Farmer rights activist

Rakesh Tikait (born 4 June 1969) is an Indian farmer rights activist and national spokesperson of the Bharatiya Kisan Union (BKU). He successfully led the farmer protests in 2020-2021 to cause repeal of three farmer laws implemented by the Indian government.

== Personal life ==
Chaudhary Rakesh Singh Tikait was born on 4 June 1969 in Sisauli town of Muzaffarnagar, Uttar Pradesh. He is the son of a prominent farmer leader and BKU co-founder late Mahendra Singh Tikait. His eldest brother is Naresh Tikait, who is the National President of the BKU.

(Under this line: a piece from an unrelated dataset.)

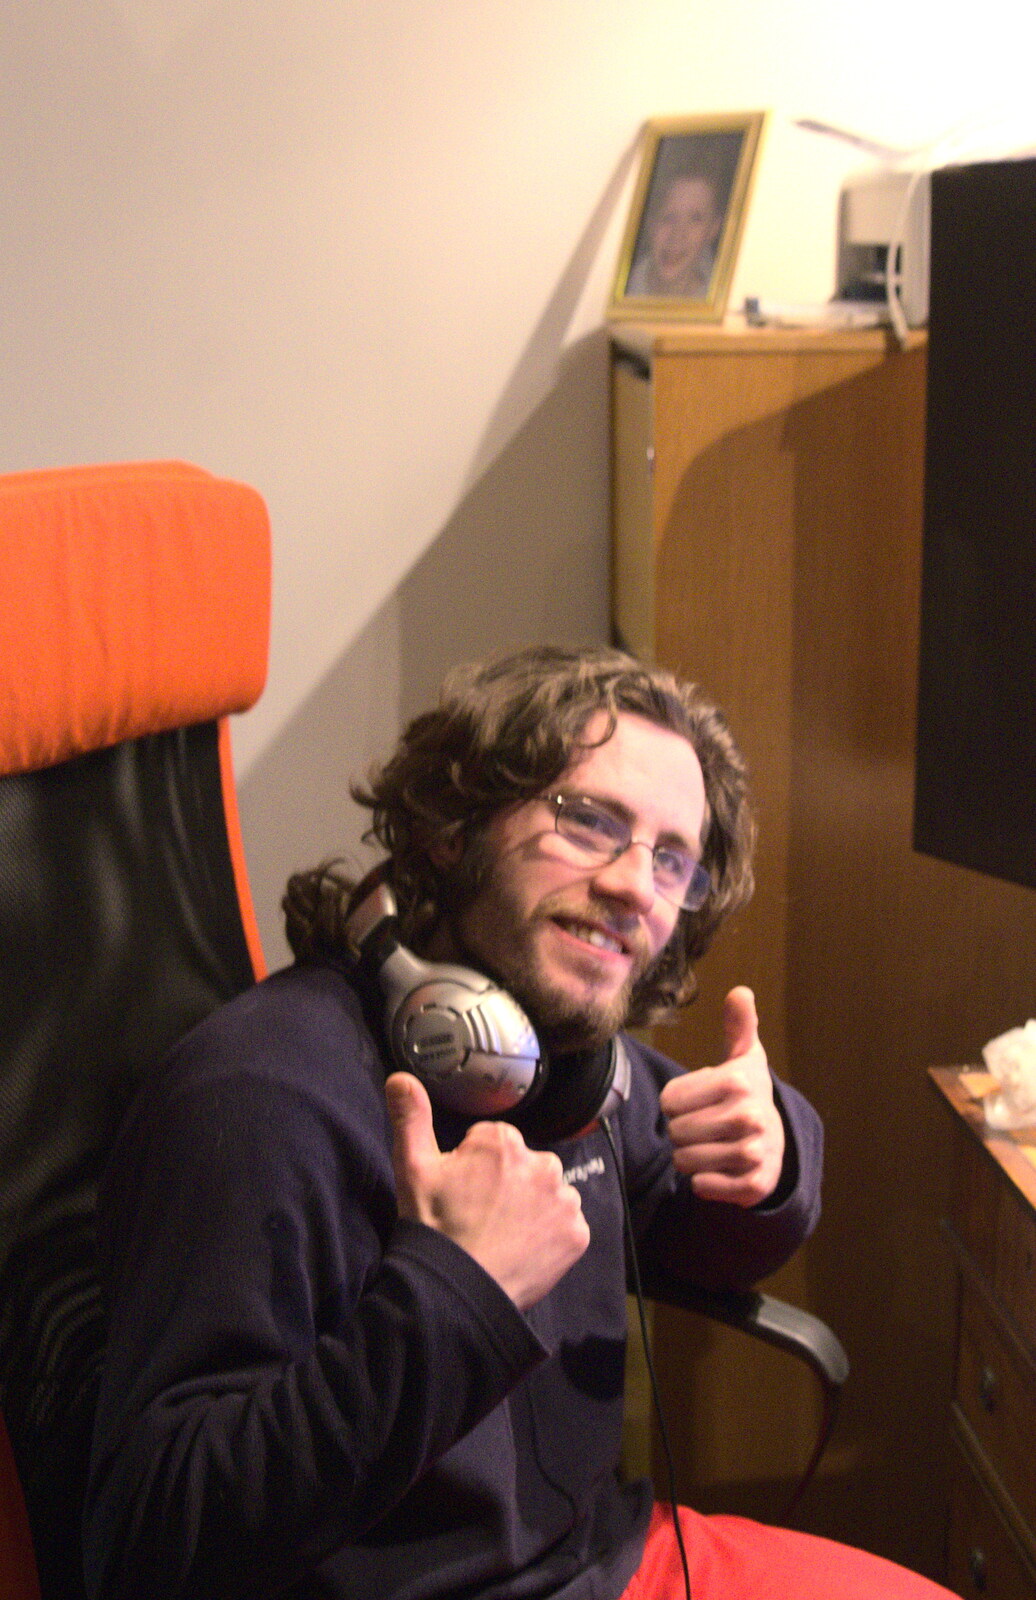 Henry gives it a thumbs up from The BBs do a Recording, Hethel, Norfolk - 18th January 2015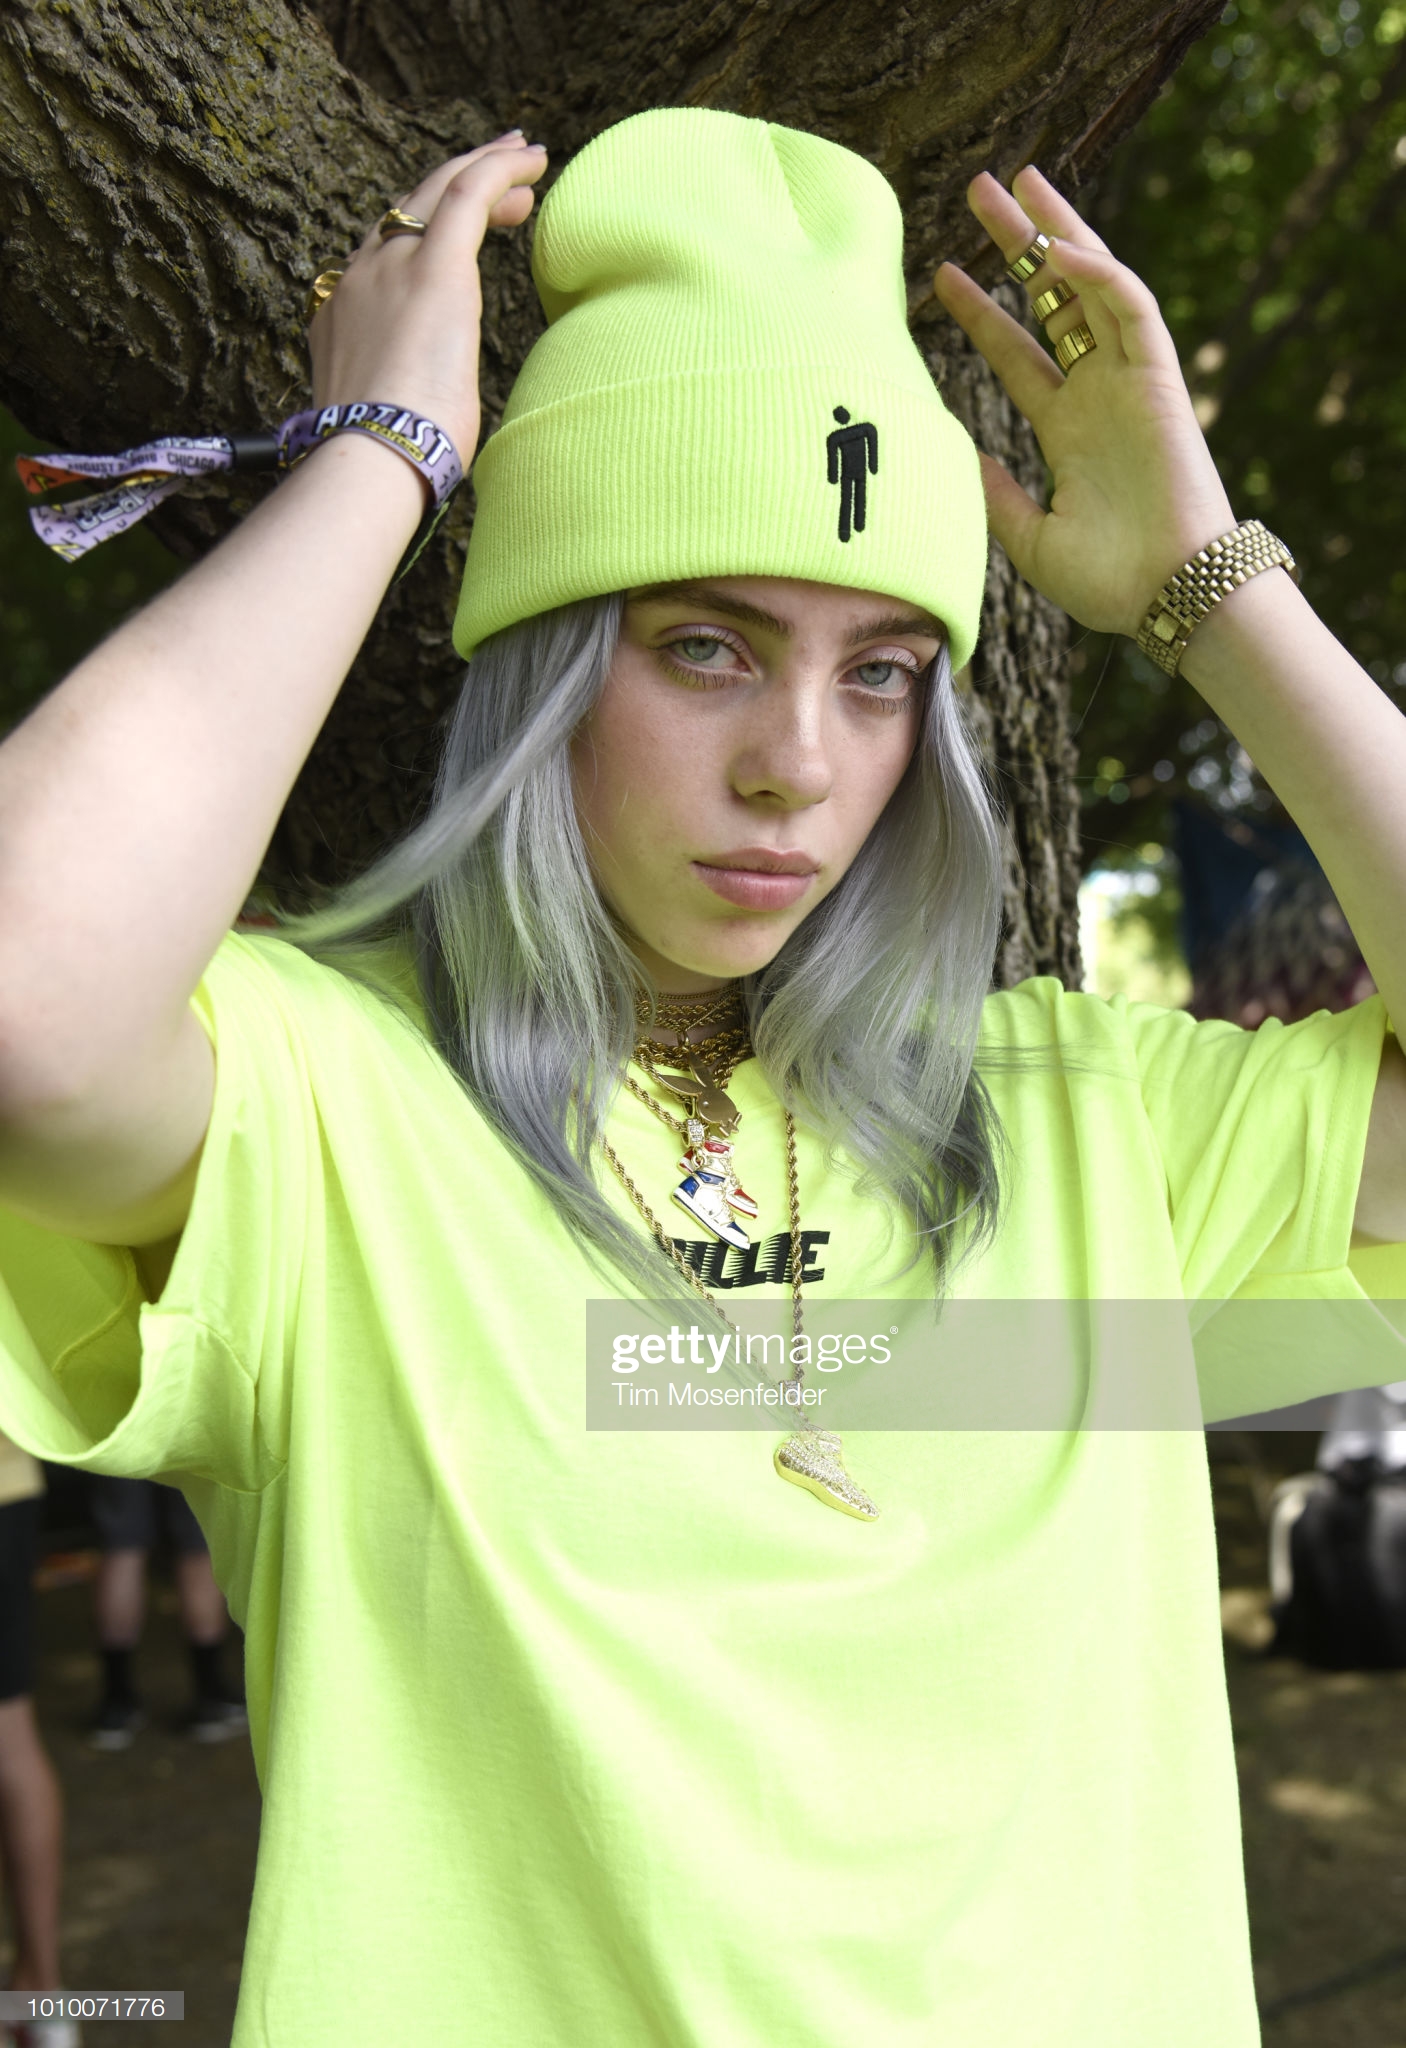 gettyimages-1010071776-2048x2048.jpg

He upholds Gandhian ideology.

== Career ==
Tikait graduated with an M.A. degree from Meerut University and then did LLB after that. He joined Delhi Police in 1992, as constable then Sub Inspector, but left Delhi police in 1993–1994. After leaving the police, he joined the BKU. After the death of his father, Tikait officially joined BKU and later became its spokesperson. In 2018, Tikait was the leader of Kisan Kranti Yatra from Haridwar, Uttrakhand to Delhi. Tikait had contested the 2007 UP Assembly elections from the Khatauli seat as a candidate of the Bahujan Kisan Dal (BKD) party (with Congress support), only to finish a distant sixth. In the 2014 Indian general election, he fought on a Rashtriya Lok Dal ticket from Amroha Lok Sabha constituency.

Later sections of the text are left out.